When the industrial strength elevator reached his loft, Rook was waiting for her on the other side of the accordion mesh doors. “Heat. You actually came.”

“Your message said you had something to show me.”

“I do,” he said and strode from the entry and disappeared around a corner. “This way.”

She followed him into his designer kitchen. At the other end of it, in the great room, as the cable designer shows called those open spaces that merged living rooms and dining rooms off an overlooking kitchen, there was a poker table, a real poker table with a felt top. And it was surrounded by…poker players. She came to a halt. “Rook, there’s nothing you need to show me here about the case at all, is there?”

“Say, you are a detective, aren’t you?” He shrugged and gave a little impish grin. “Would you have come if I had just plain invited you to play poker?”

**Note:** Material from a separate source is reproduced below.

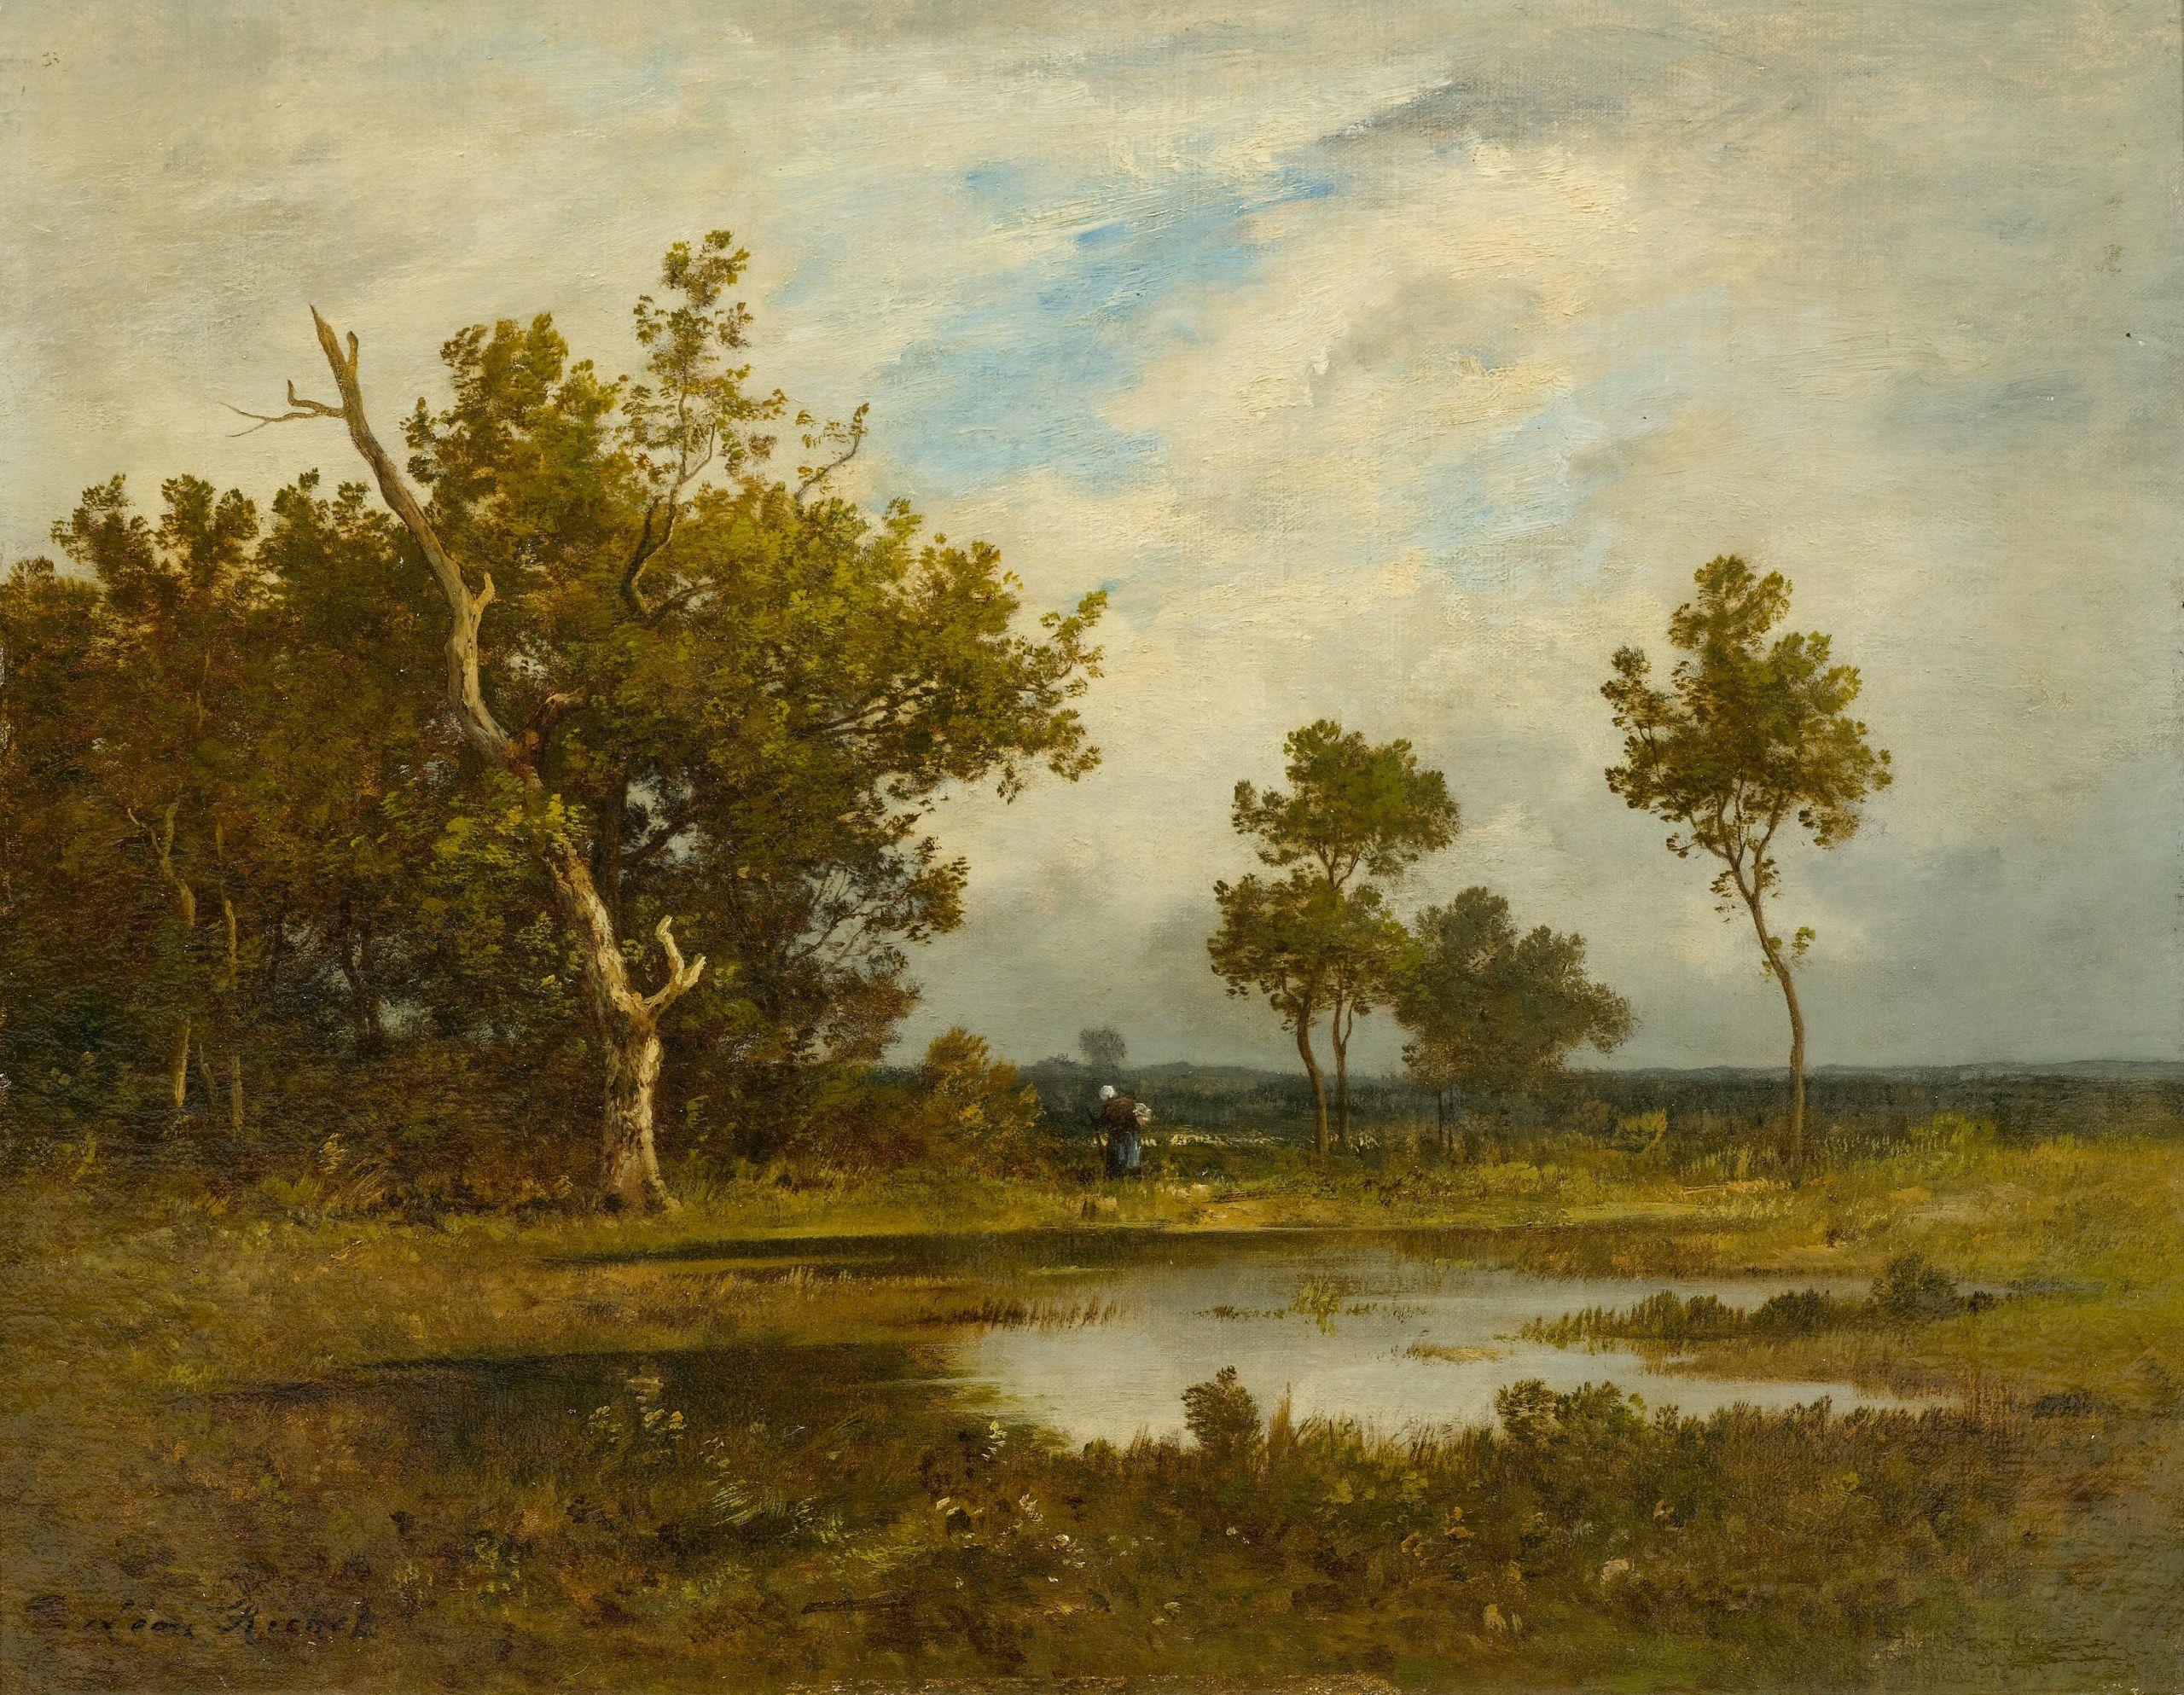 Léon Richet Reisigsammlerin bei einem Teich

Nikki got hit with a major turn-around twinge, but then the poker crowd rose to greet her and there she was.

As Rook escorted her into the room, he said, “If you really, really need a work reason to be here, you can thank the man who got you your warrant for the Guilford. Judge, this is Detective Nikki Heat, NYPD.”

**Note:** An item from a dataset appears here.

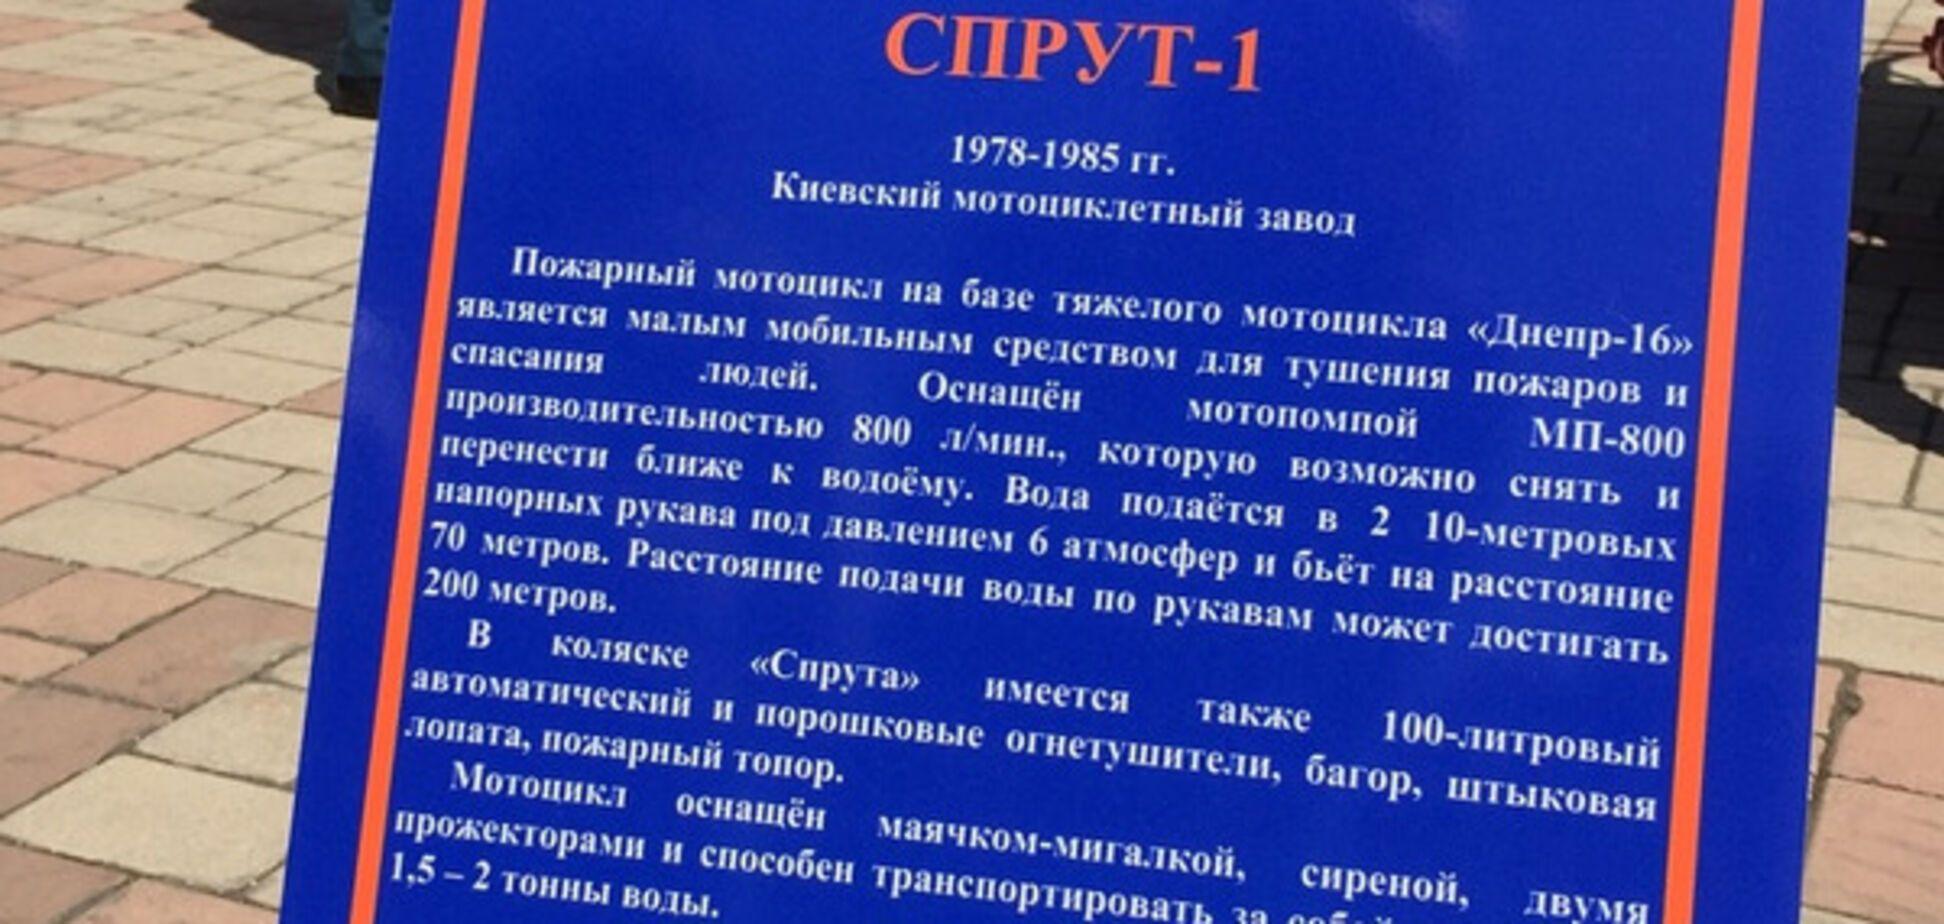 Спрут-1

Judge Simpson looked a bit different in a yellow polo shirt, hunkered behind tall stacks of poker chips instead of his bench. “I’m winning,” he said as he shook her hand. A network news anchor she and the rest of America admired was also there, with her filmmaker husband. The anchorwoman said she was glad a cop was there because she had been robbed. “And by a judge,” said her husband. Rook placed Nikki in the empty seat between him and the newswoman, and before Nikki knew it, the anchor’s Oscar-winning husband was dealing her a hand.

It was a low-stakes game, she was relieved to discover, and then that turned to worry they had lowered the ante in deference to her pay grade. But it was clear this was more about fun than money. Although winning still mattered, especially to the judge. Seeing him out of his robe for the first time, the overhead light shining on his bald head, the manic obsession he brought to his play, Nikki couldn’t shake the comparison to another Simpson. She would have given up a whole pot just to hear the judge say “D’oh!”

After the deal of the third hand, the lights dipped out and came back up. “Here we go,” said Nikki. “Mayor said we’d have rolling brownouts.”

“How many days is it for this heat wave?” asked the filmmaker.

“This is day four,” said his wife. “I interviewed a meteorologist and he said it’s not a heat wave unless it’s three consecutive days above ninety degrees.”